# Awesome clothes



## ultraviolet (May 26, 2011)

Share pictures of awesome clothes that you _want so bad_! You can share anything you like (I'll probably just post frilly dresses and such), so long as it's some form of clothing (jewellry, hats, shoes etc are all okay). :D

Please link to your images instead of just posting them so the thread doesn't take freaking ages to load. 

let's get this ball rolling

hnng carnivale costumes! (more here)
alexander mcqueen! :D
also this and this and so much this. :D


----------



## shy ♡ (May 26, 2011)

uv the links you linked don't loadddd. Damn now they load. This is super cool.

I want these! However I can never get them because I can't wear shoes without trying them on to make sure they're the right size. ; ; They're size 8 which is nearly my size but? Can't be sure, ahg. But they're so pretty!

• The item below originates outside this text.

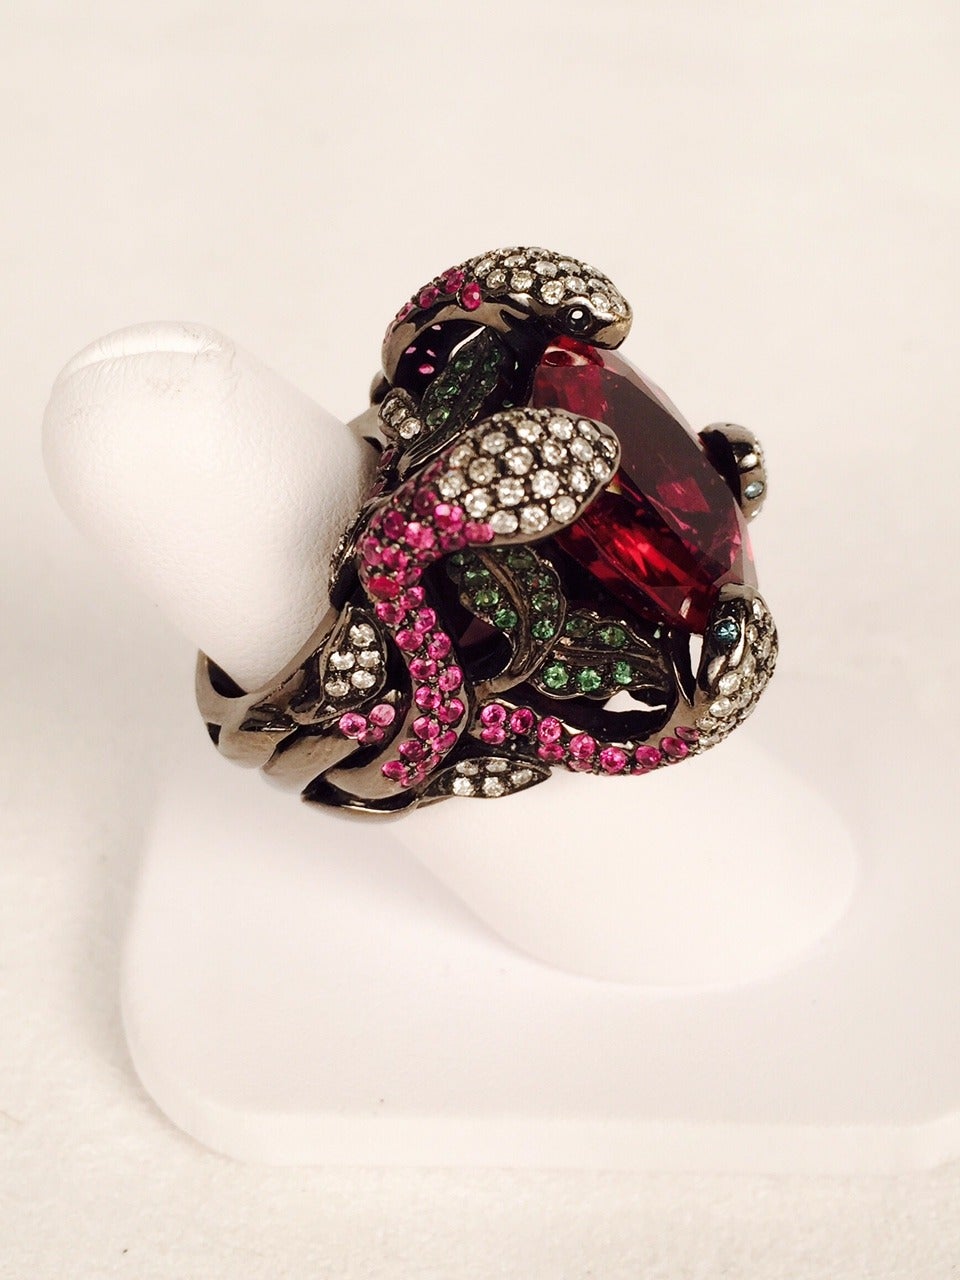 Incredible Rubellite Tourmaline Gold Snake Ring For Sale at 1stdibs

Also almost everything Kurt wears, so pretty. And Darren Criss, I want his warddrobe.


----------



## Blastoise Fortooate (May 26, 2011)

This ring. Alternatively, anything from that person's selection. This Shuppet hat. Or any one of these other really cool hats.

Or these shoes.


----------



## Lili (May 26, 2011)

OH GOD THESE ARE PURE AWESOMENESS AND WANT


----------



## Coloursfall (May 26, 2011)

man all the stuff I want is terribly nerdy. 

for example.
Nepeta's one of these (Leo), but that's mostly because I intend to cosplay, so.
I totally don't care that it's Gaia, I _want that hat._

Also I want like. Half the Valve store pretty much.


----------



## octobr (May 26, 2011)

everything gaga has had on her body

edited to add: cherry bomb I have that hat.


----------